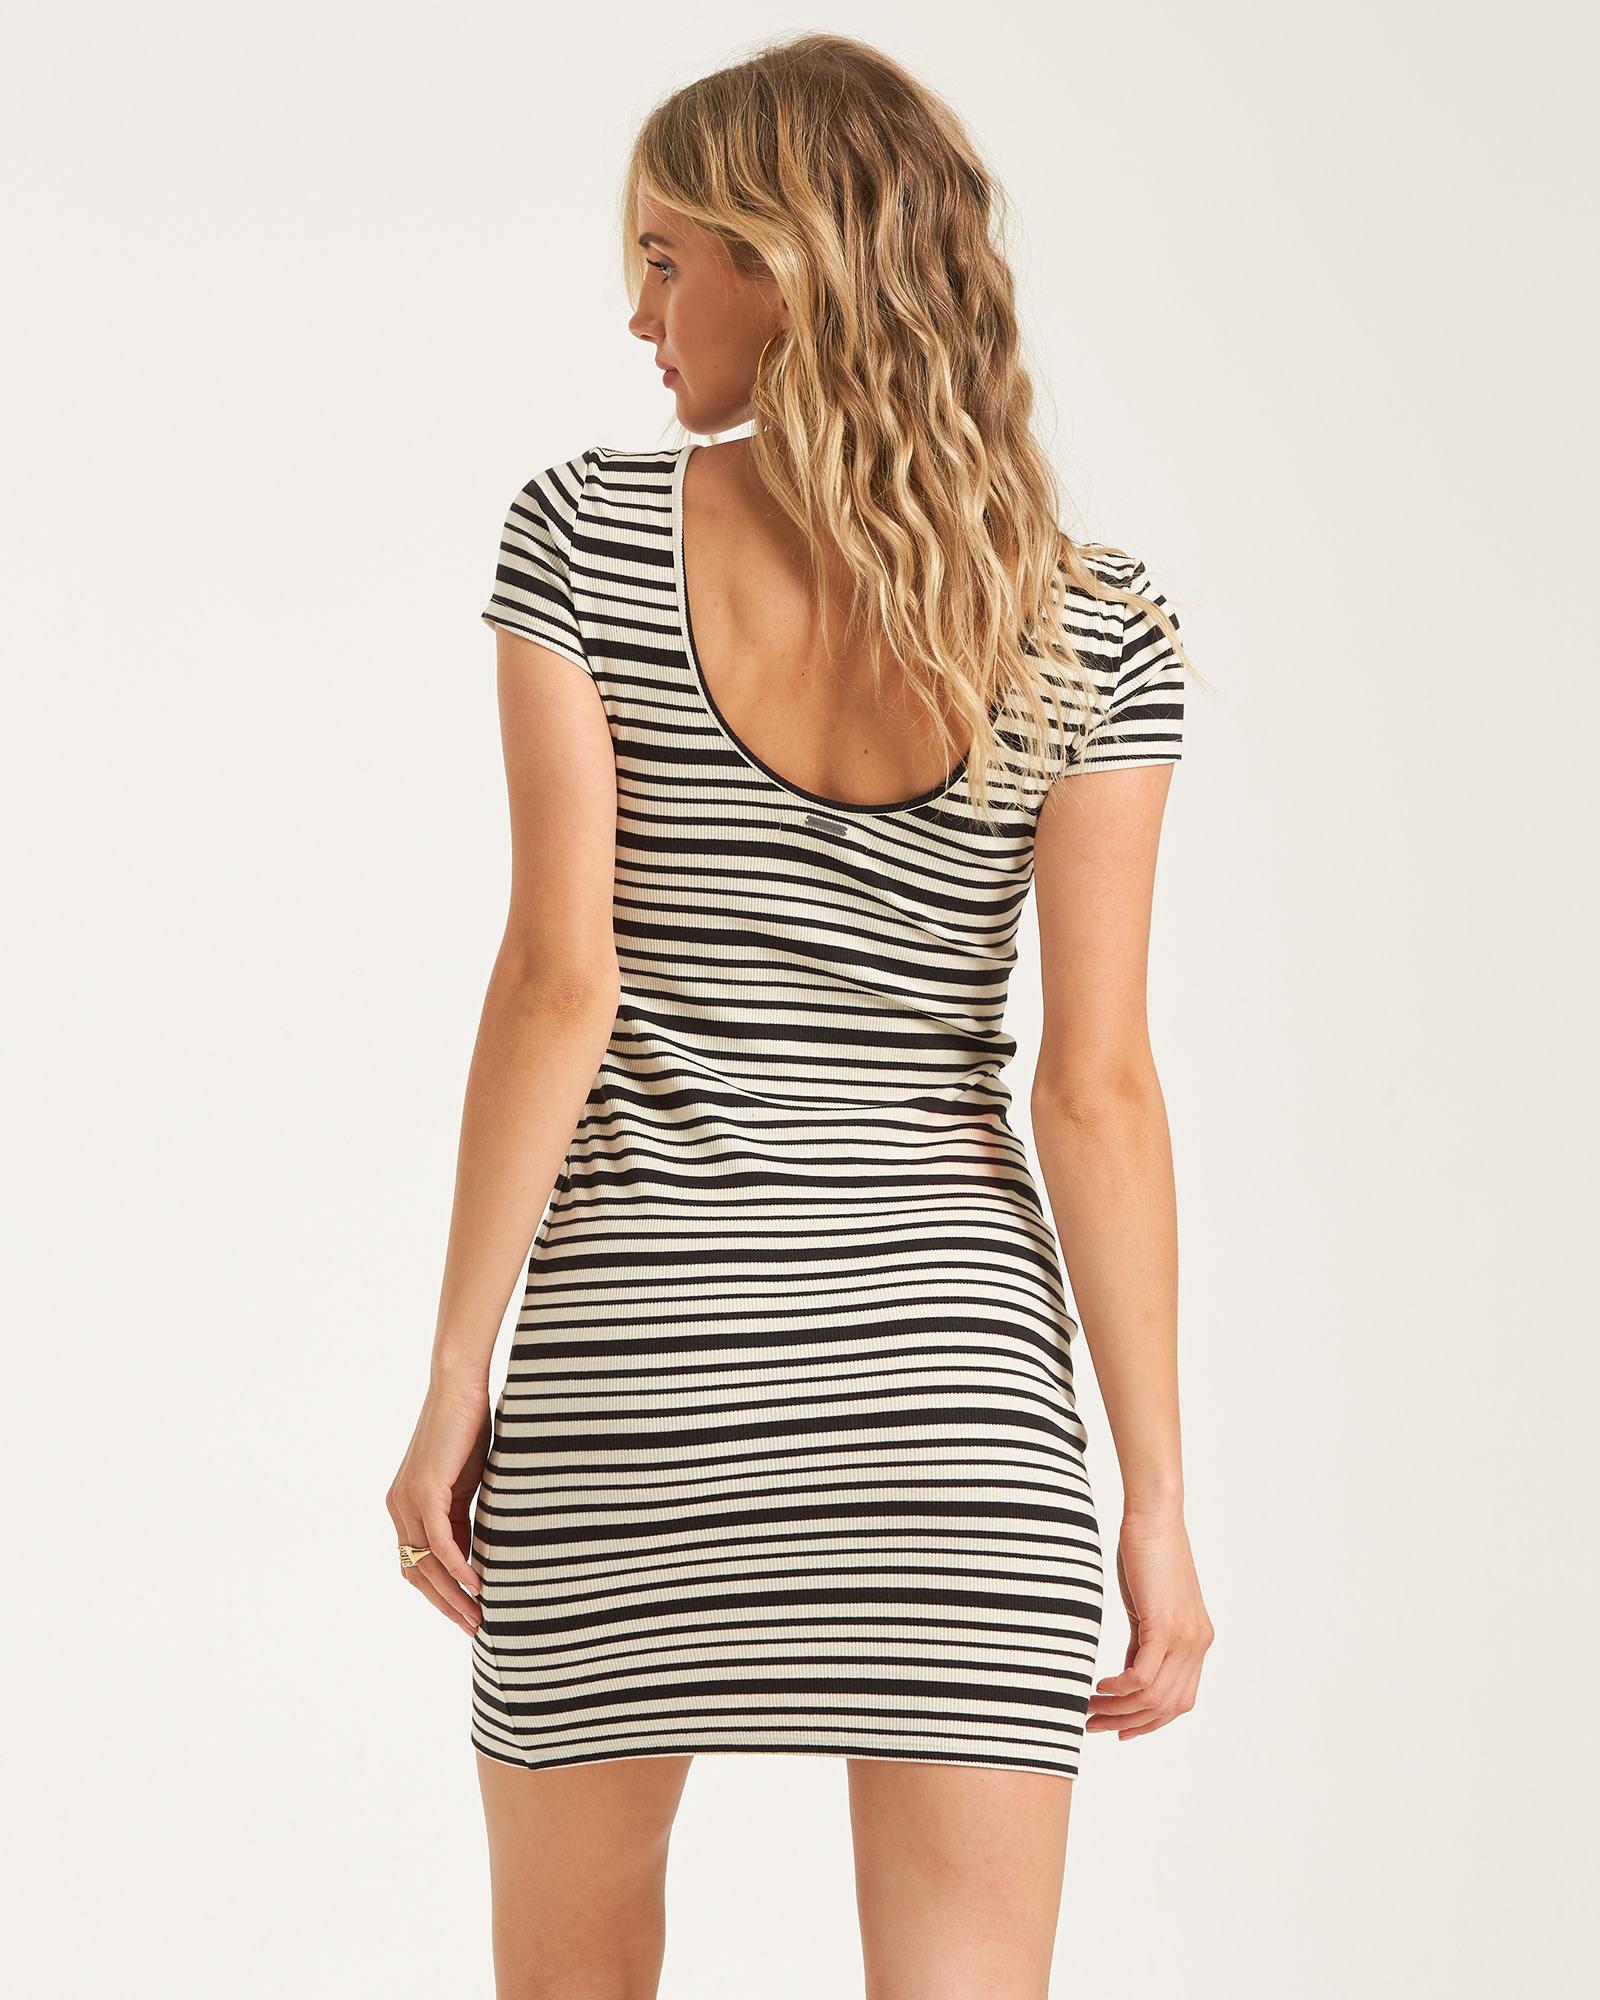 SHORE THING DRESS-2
==
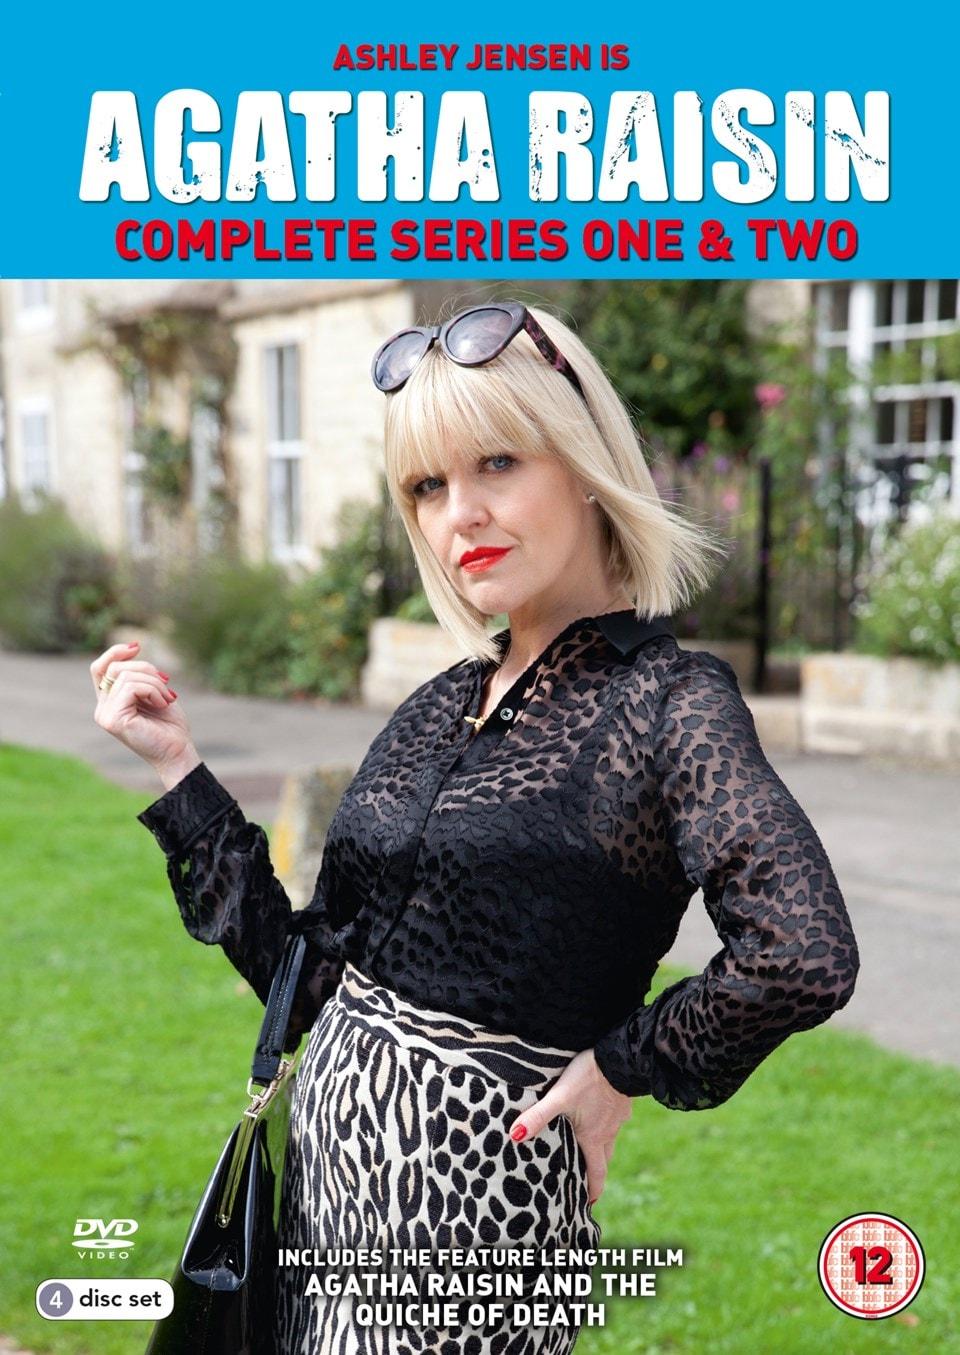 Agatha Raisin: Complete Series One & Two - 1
---
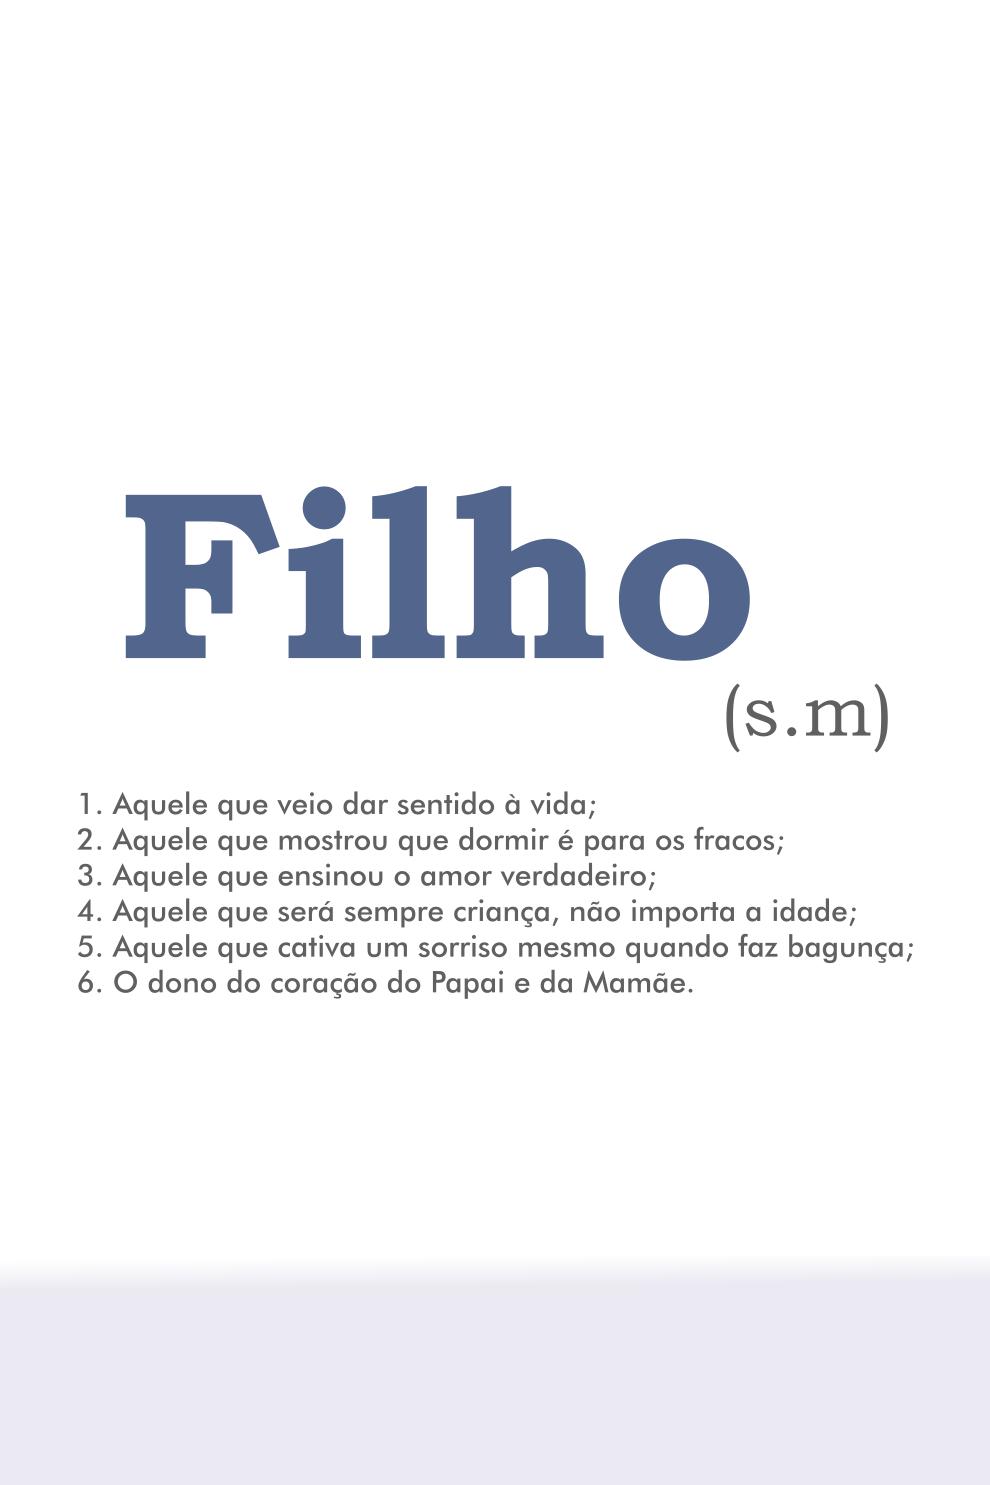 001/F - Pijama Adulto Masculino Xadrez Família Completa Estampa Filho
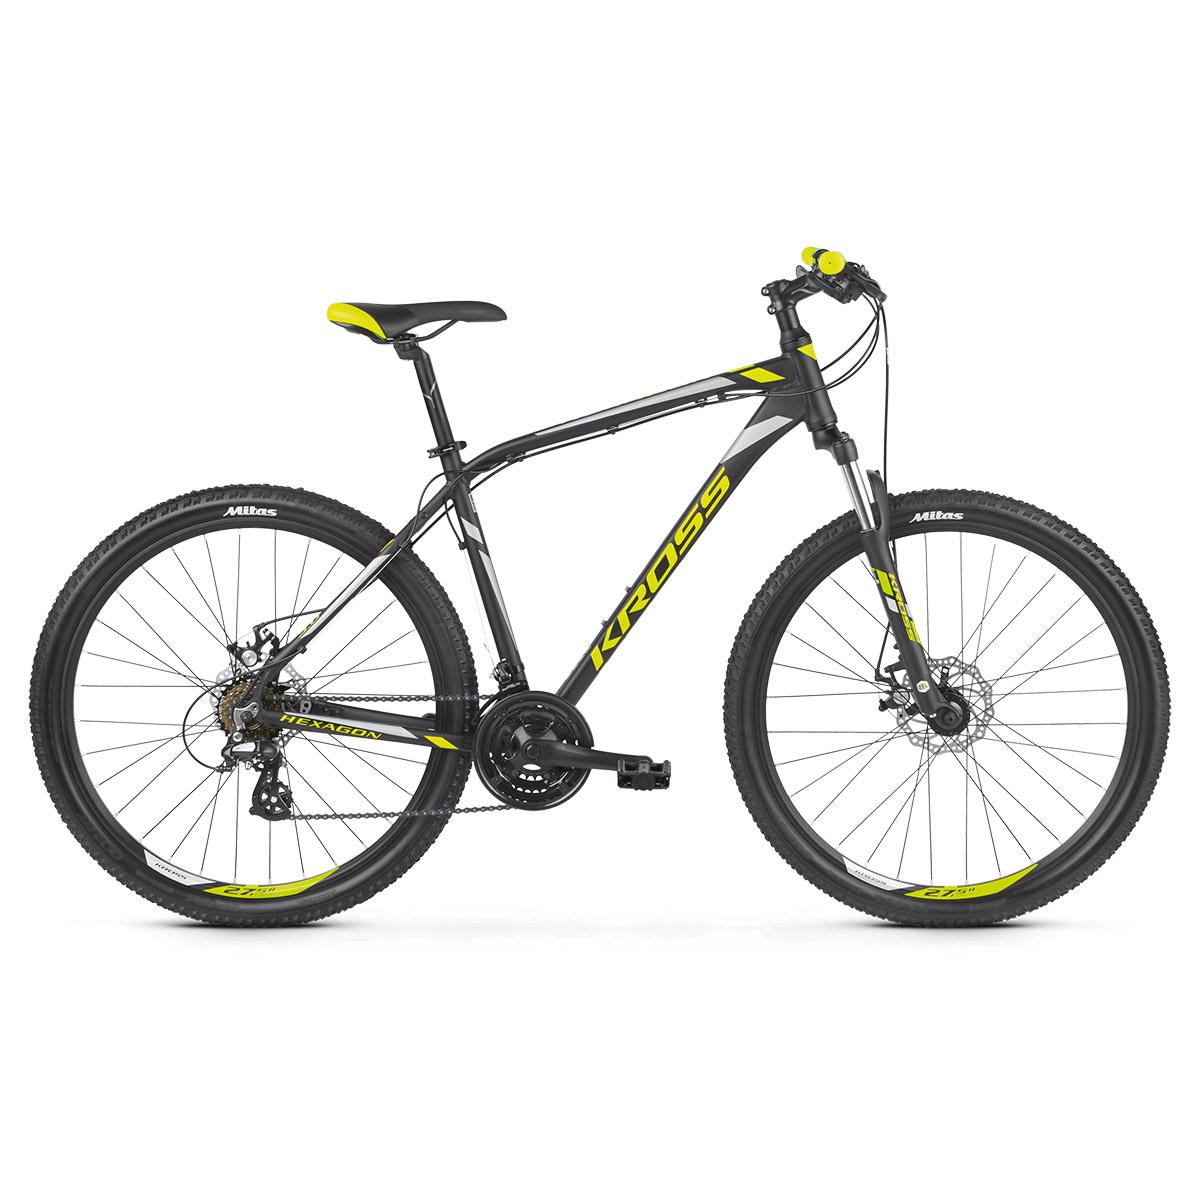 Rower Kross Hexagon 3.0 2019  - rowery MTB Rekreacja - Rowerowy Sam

WHAT THE TASK REQUIRES> Nothing but the lines above from the one that has "001/F - Pijama" down to the one that has "Rower Kross Hexagon" belongs in the answer, copied exactly, without pictures.

TASK RESPONSE>
 001/F - Pijama Adulto Masculino Xadrez Família Completa Estampa Filho
 Rower Kross Hexagon 3.0 2019  - rowery MTB Rekreacja - Rowerowy Sam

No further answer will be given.